Pomimo roznic wielu, pomimo tego ze w wieku 12 lat wyprowadzilam sie do taty domu. To Brat1 i Siostra zawsze byli i sa moim rodzesnwtem. Pomimo, ze Siostra nie pamieta zebym wogle z nia kiedykowiek mieszkala, bo miala 3latka jak sie wyprowadzialm. To sa mi bardzo bliscy. Tak samo bliscy jak kazdy brat i siostra z jakim sie wychowujemy codziennie.
Wyprowadzilam sie  do UK malajc lat 20, Brat3 i Brat4 (Identikosy) urodzili sie jak juz mieszkalam w UK. Sa tylko dwa lata starsi od Corki, a dzwonia do mnie regularnie, wiedza, ze jestem ich starsza siostra i kaza Corce mowic do siebie per Wujek ;)  a Maz to ich najlepszy szfagier. Wrecz Brat4 w wakacje usiadl Mezowi na kolana i powiedzial mu, ze go kocha i sie za nim stesknil. Nie rozroznia czy to ze mna czy z Mezem jest spokrewniony, bo i tato nie traktuje Meza jako zlo konieczne a jak syna.

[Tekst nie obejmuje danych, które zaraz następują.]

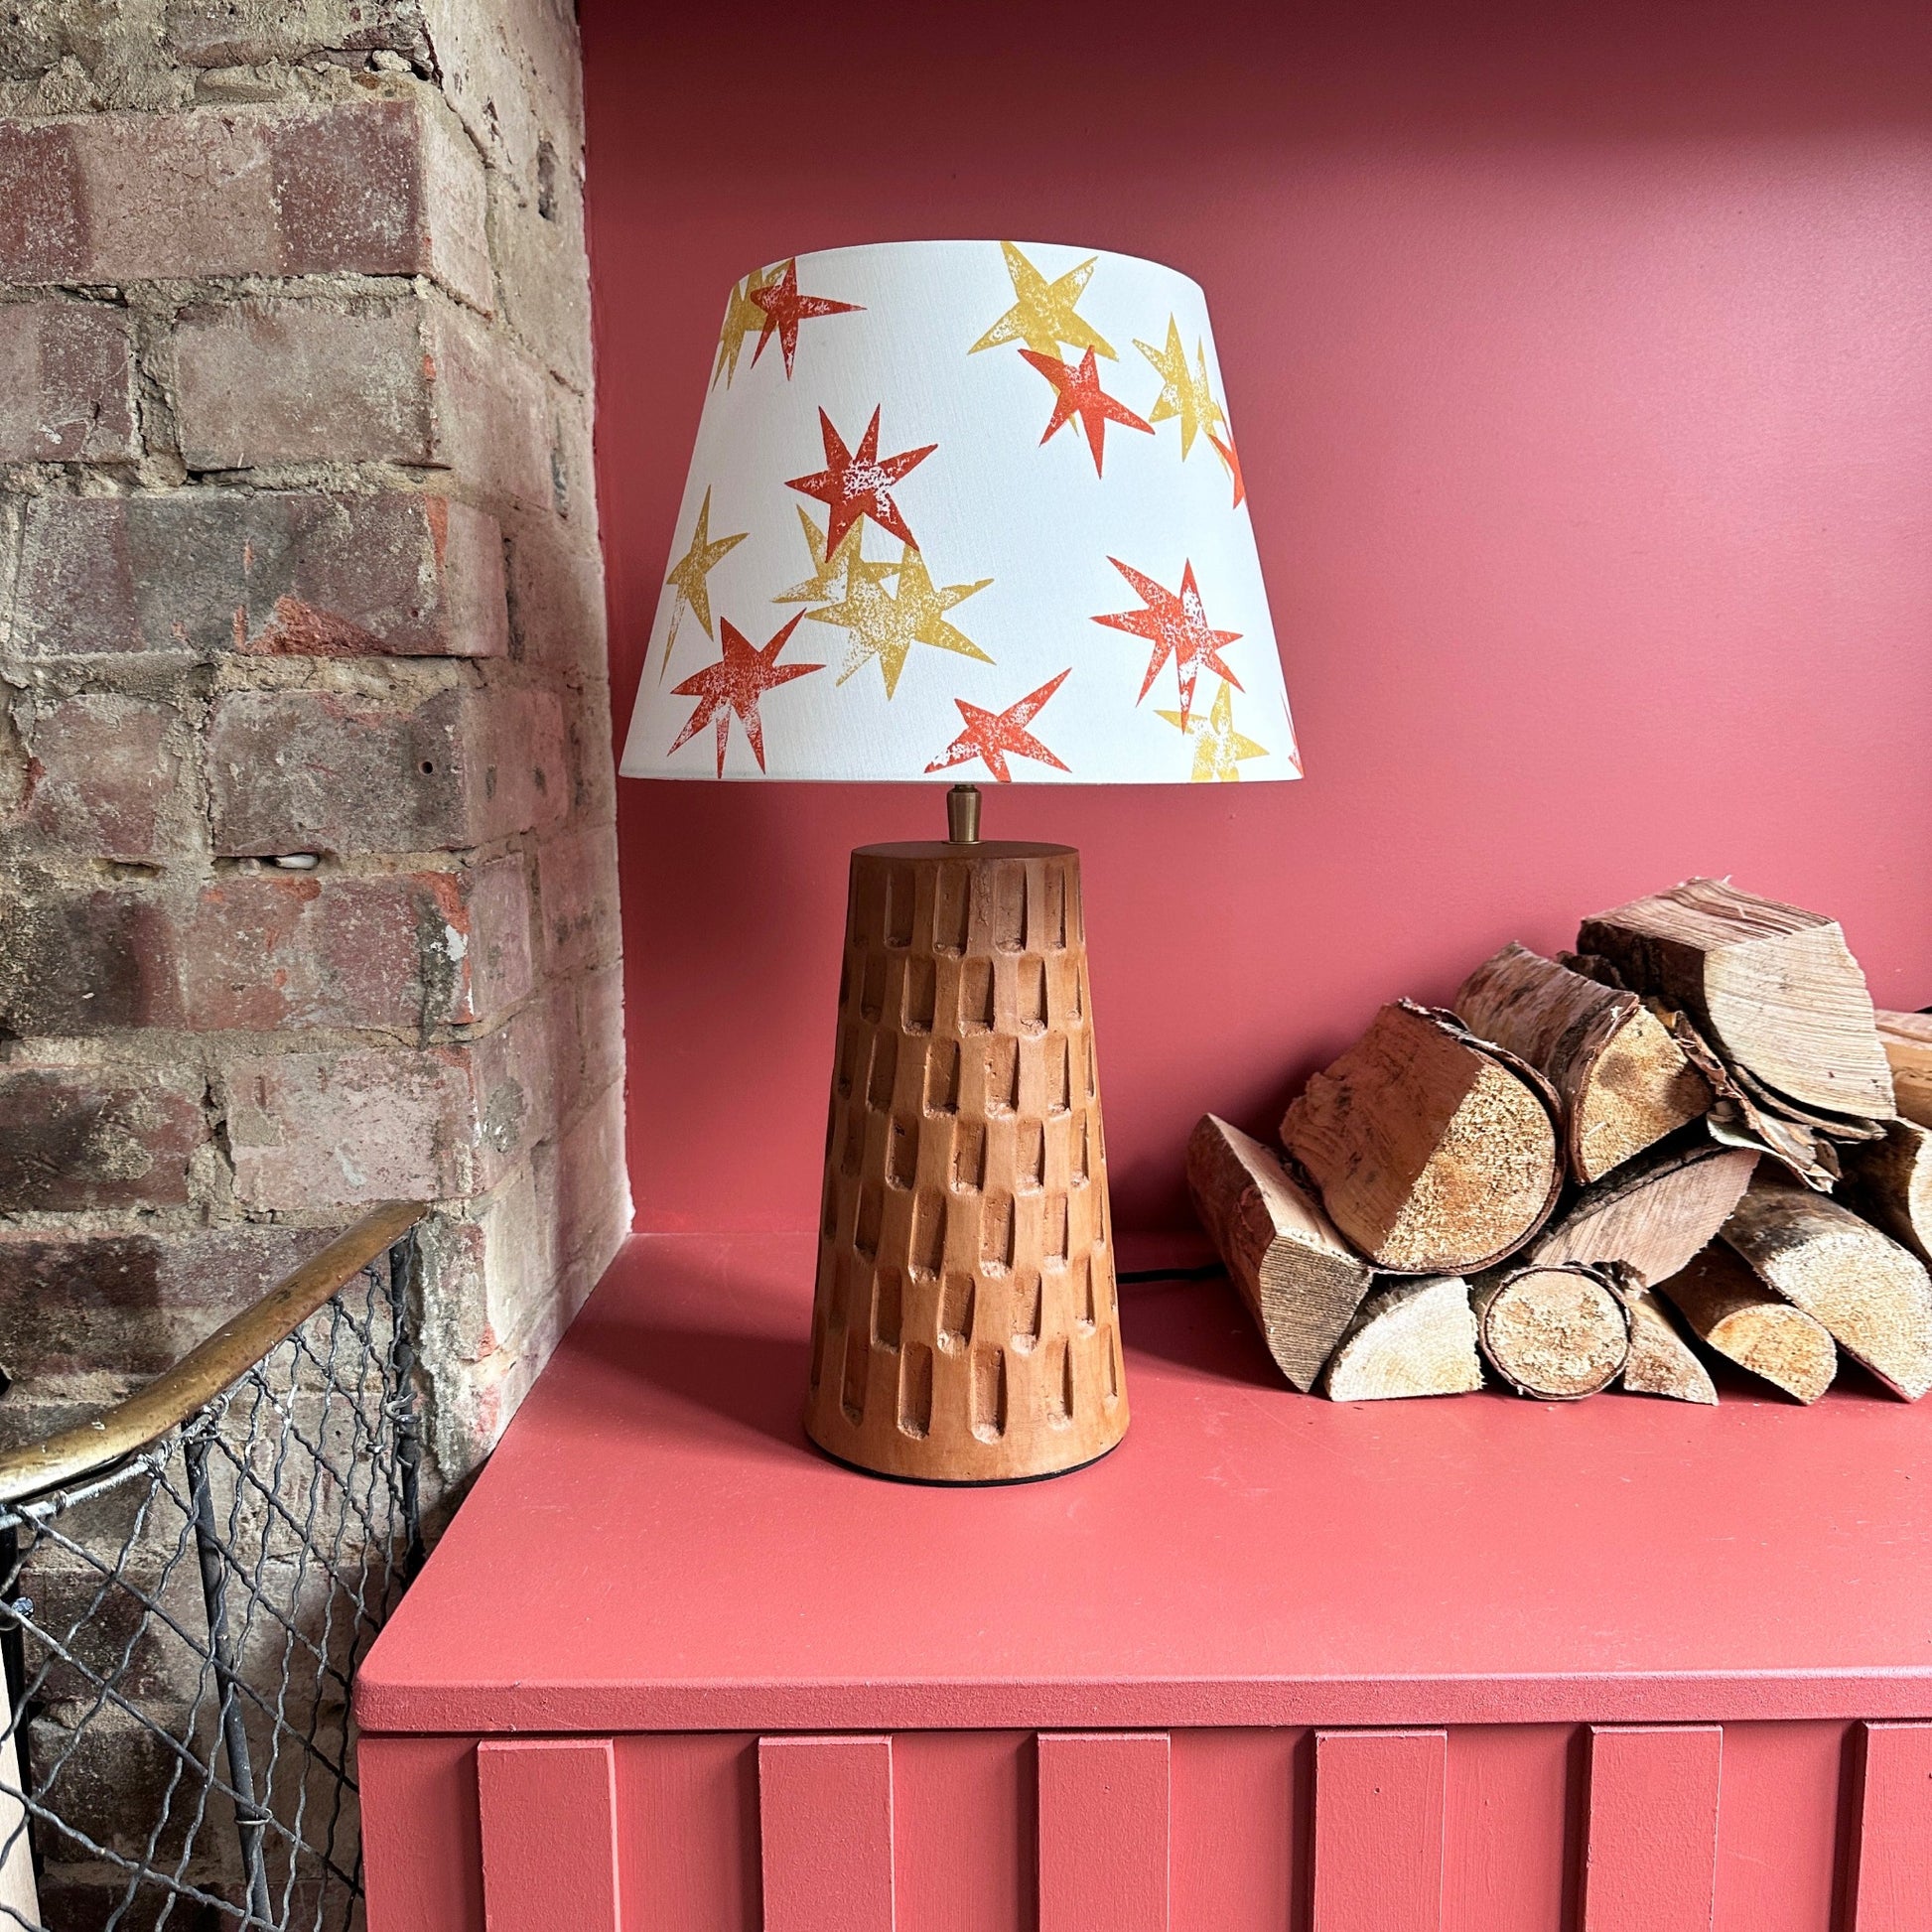 Cream lampshade with orange and yellow stars on brown lamp next to fire place

Tak to wszystko dla mnie naturalne, ze jak czytam, slucham ich ktos ma przyrodnie rodzenstwo i nie ma z nim kontatu, ze nie traktuje go jak rodziny, ze nie zna ich. To strasznie zal mi tych ludzi...

Ja wiem, ze nie wszyscy ludzie umieja sie rozstac jak ludzie cywilizowani, ja wiem, ze czesto rozstania sa bolesne i nie kazdy potrafi rozmawiac jak czlowiek inteligenty z osoba z ktora kiedys bylo sie blisko. Stare zale sa wywlekane na wierzch, ze rany sie niektore nigdy nie goja.....ale czemu maja dzieci cierpiec??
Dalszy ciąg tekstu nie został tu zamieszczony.